═══ The data

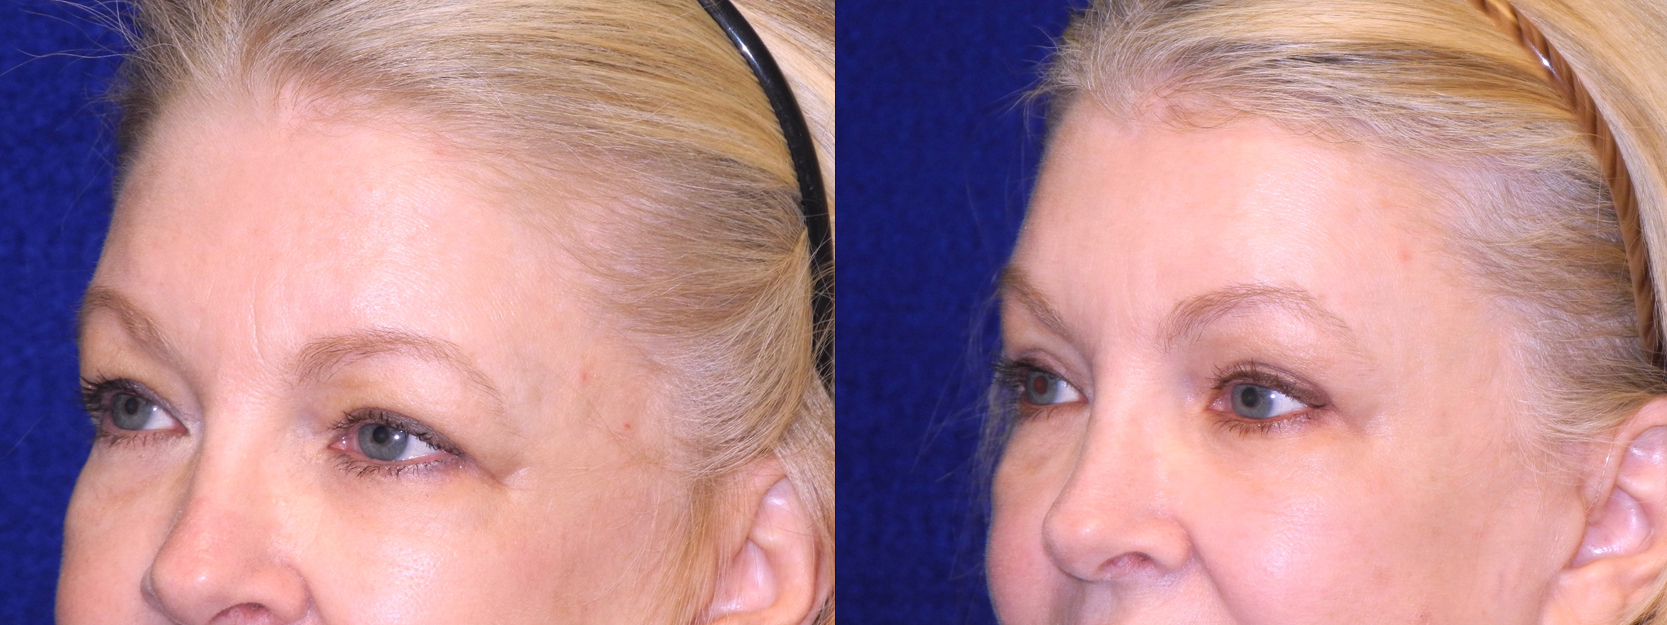 Left 3/4 View Close Up - Facelft, Browlift and Upper Eyelid Surgery
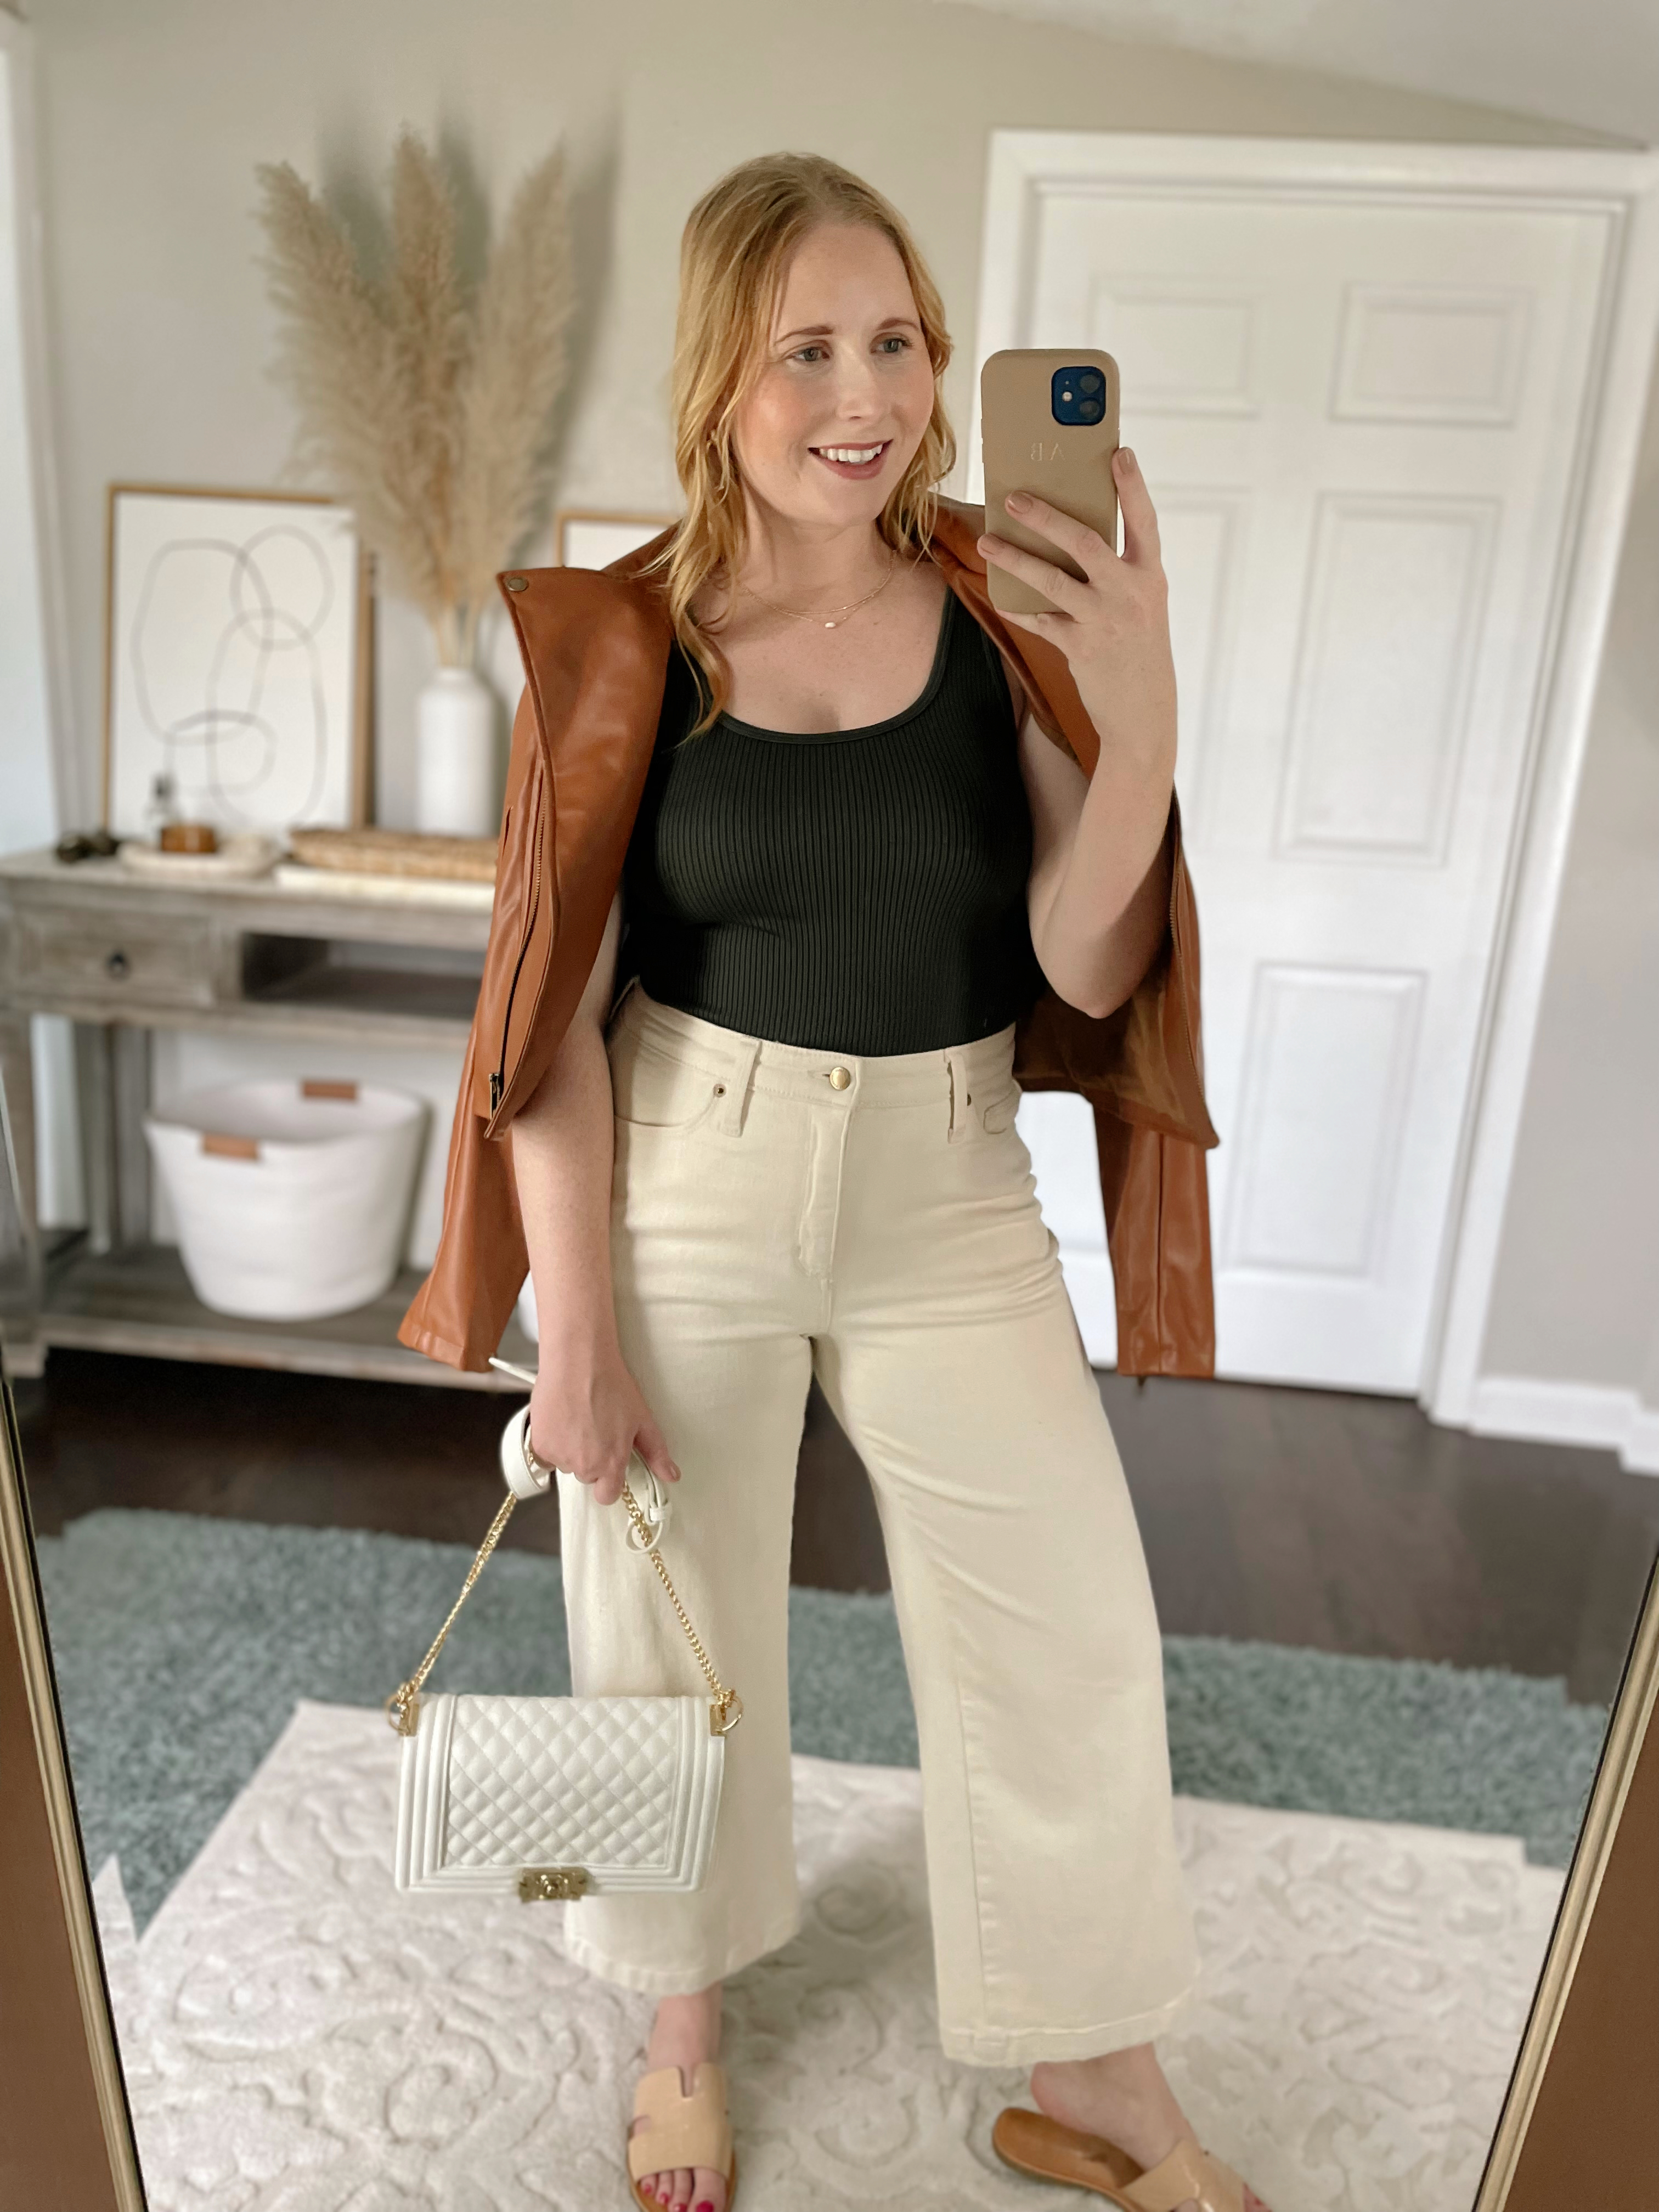 Affordable by Amanda wears a green ribbed tank top, brown faux leather moto jacket, cream wide leg pants while holding a white quilted bag
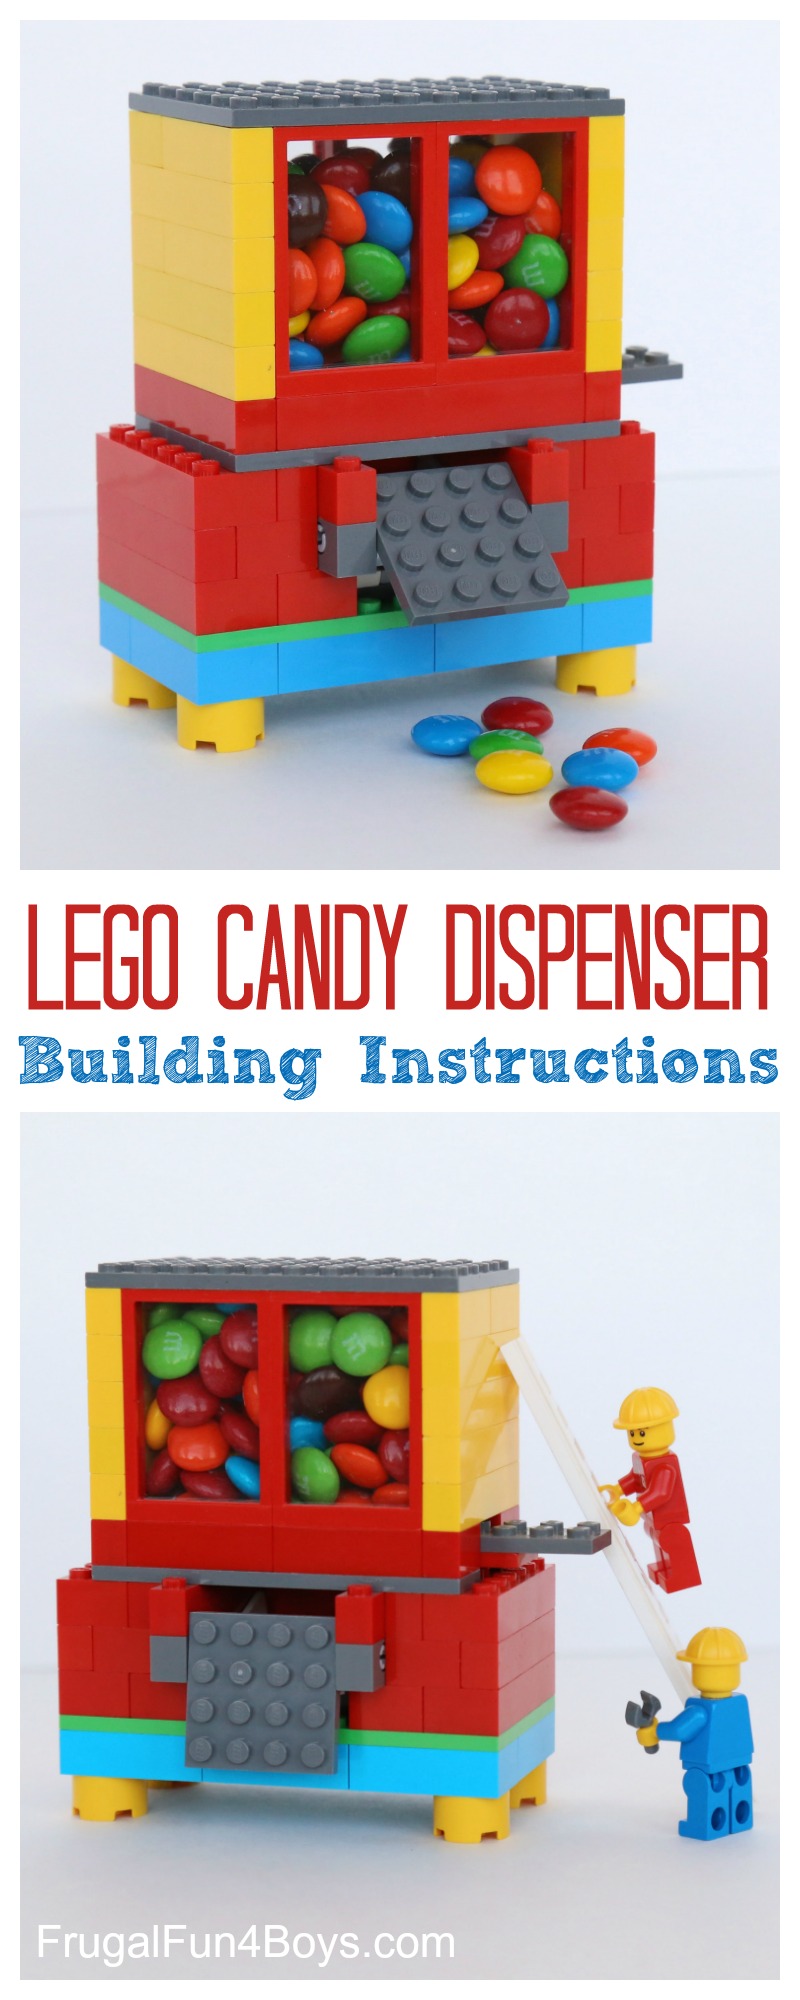  LEGO Candy Dispenser Building Instructions
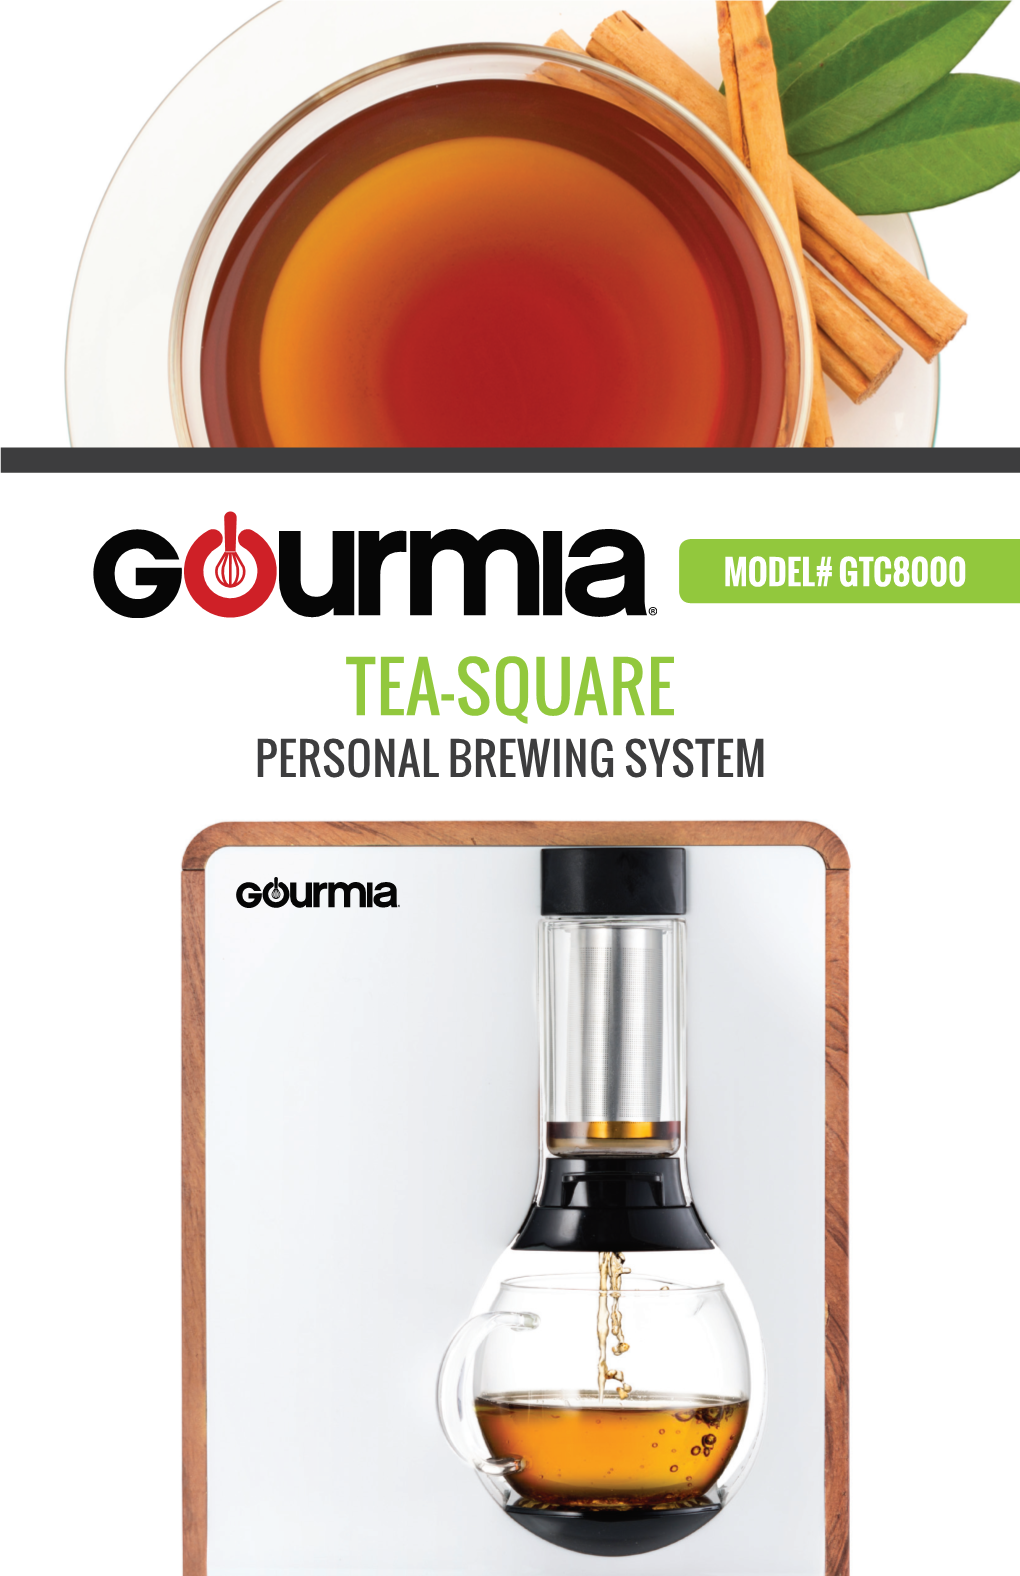 TEA-SQUARE PERSONAL BREWING SYSTEM Welcome to the Natural Purity of Fresh-Brewed Tea!

══════

Your assignment >> None of the pictures belong in the copy; transcribe the rest of the data exactly.

Result of this task >>
 Left 3/4 View Close Up - Facelft, Browlift and Upper Eyelid Surgery
 Affordable by Amanda wears a green ribbed tank top, brown faux leather moto jacket, cream wide leg pants while holding a white quilted bag
  LEGO Candy Dispenser Building Instructions
 TEA-SQUARE PERSONAL BREWING SYSTEM Welcome to the Natural Purity of Fresh-Brewed Tea!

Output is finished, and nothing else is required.